Please don't be sad when you read this letter. We have thought about this decision for a long time. The reasons why we choose to leave the world behind are complicated. I hope the following words may provide some insight. It has been so hard to be a human being. The setback or pressure that has defeated us is beyond most people's imagination, and there is even no place for us in this society. We feel it so difficult to deal with daily life. More often, we succumb to depression. Life is worthless, so is death. With a peaceful mind, we finish this letter. (Written by Lin Qinghui)

Please burn all my belongings, including the bill, or send them to others. Candies and Prophet in the classroom were from Xiuwei(秀薇) and Lifen(麗芬). Please give those back to them. (Written by Shi Jiya)

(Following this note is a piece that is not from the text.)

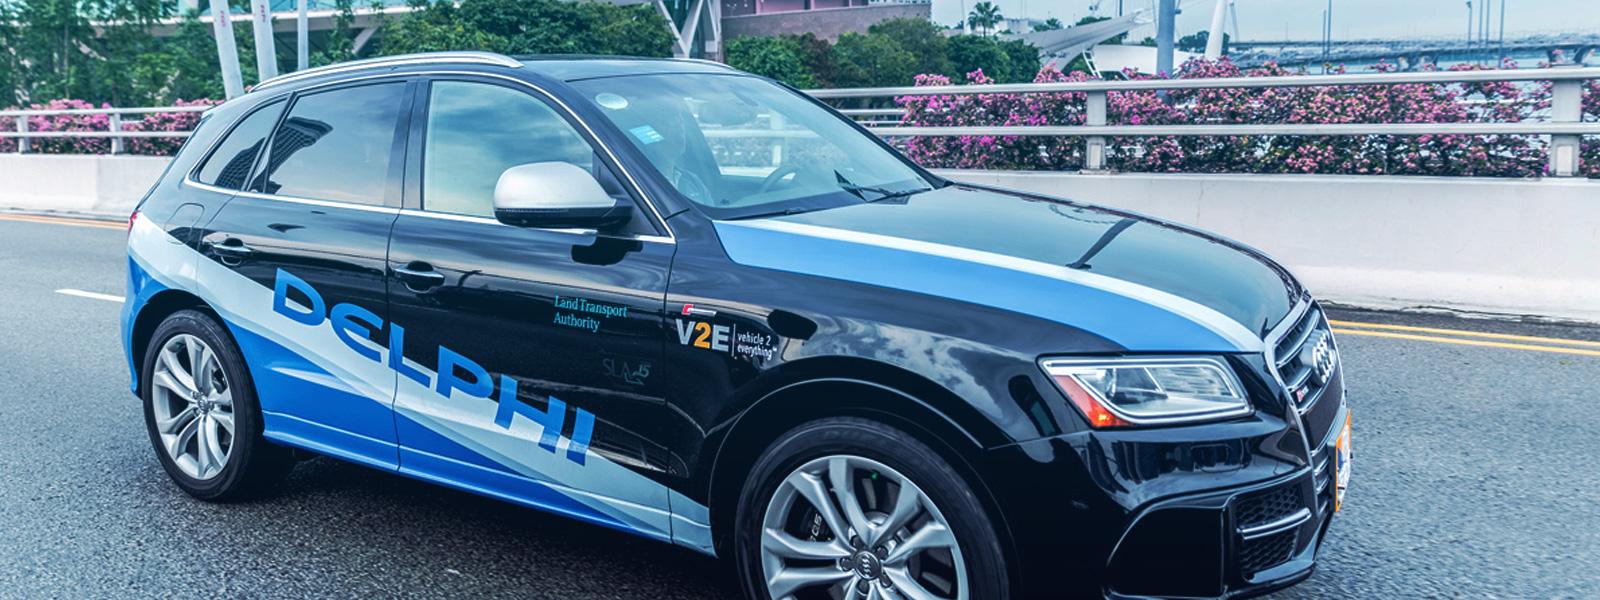 empresa-tecnologia-lanca-taxi-robo-blog-ceabs
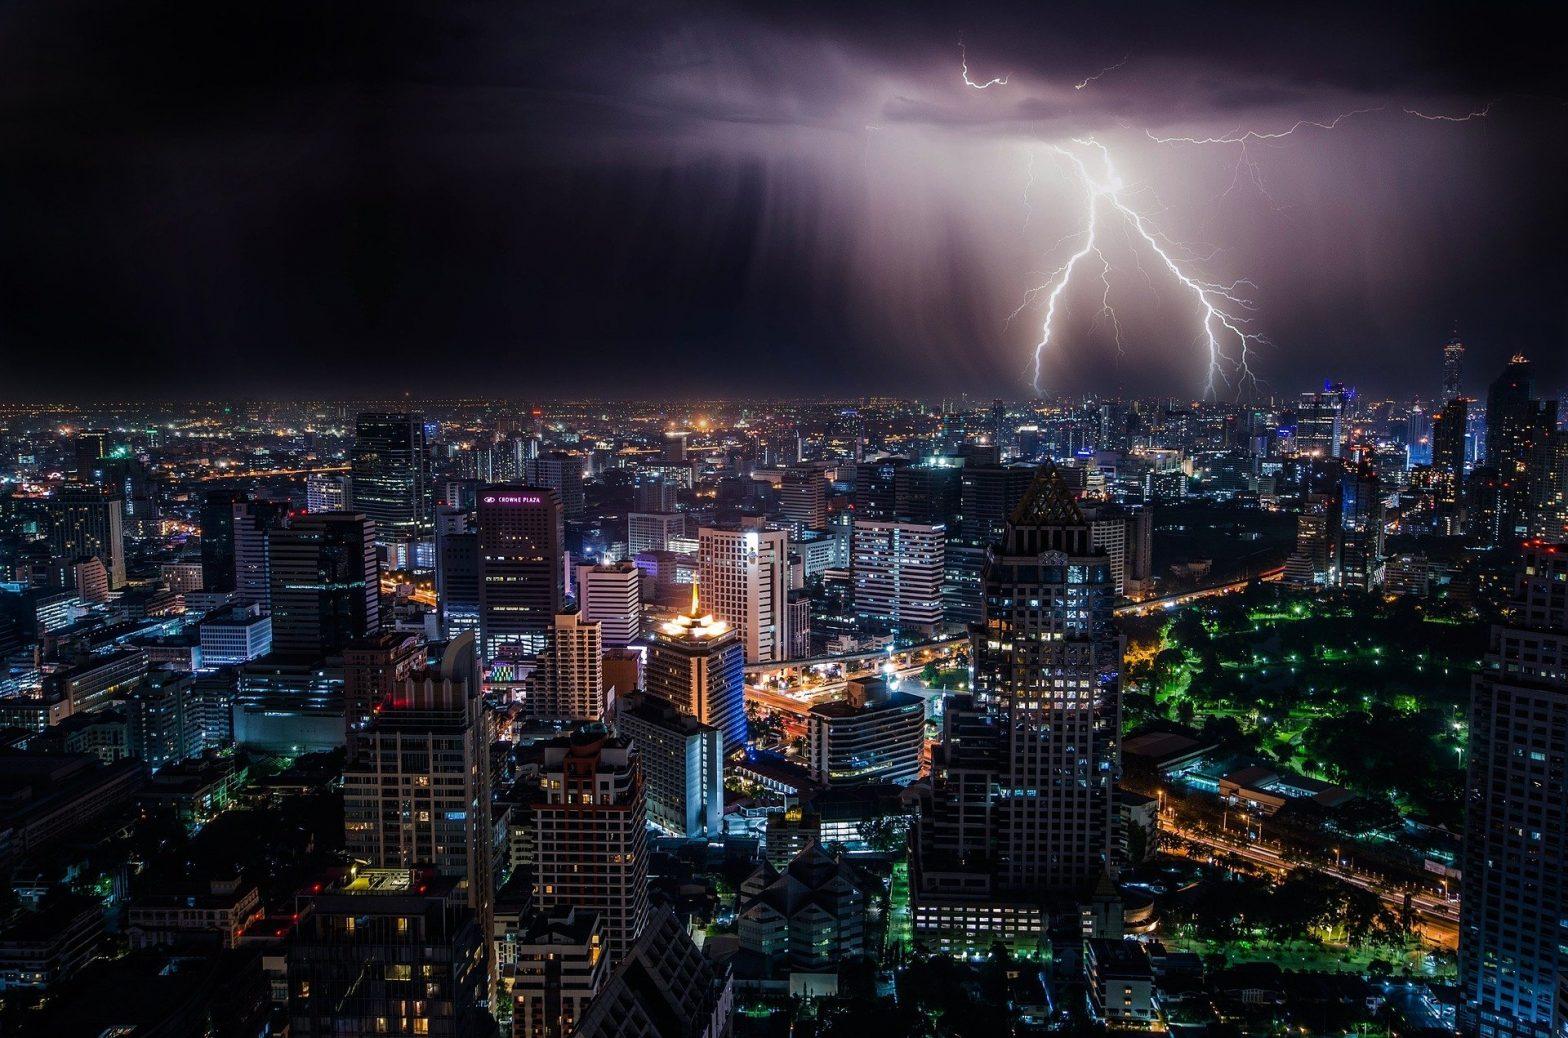 Foto de uma cidade e uma tempestade com raios caindo. Imagem ilustrativa para o texto seguro contra intempéries.

Please find in my room all the letters and diaries in the big drawer and the second right drawer of my desk (with the computer on), and in the closed cupboard, and burn them all. Except the basketball, which I would like to remain in my room, I would like to leave all other belongings to my brother, and hope he can work hard with a faithful heart. If the soul truly exists after I die, I would always remember you all and deliver you my best wishes. (Written by Lin Qinghui)

== Cultural references ==
Yang Jo-hui (twin sister of the current holder of pen name Yang Shuang-zi), an ACG researcher thought that Lianfang Shen's yuri comic book Always Be with You, published in 1997, drew inspiration from the suicide case in question.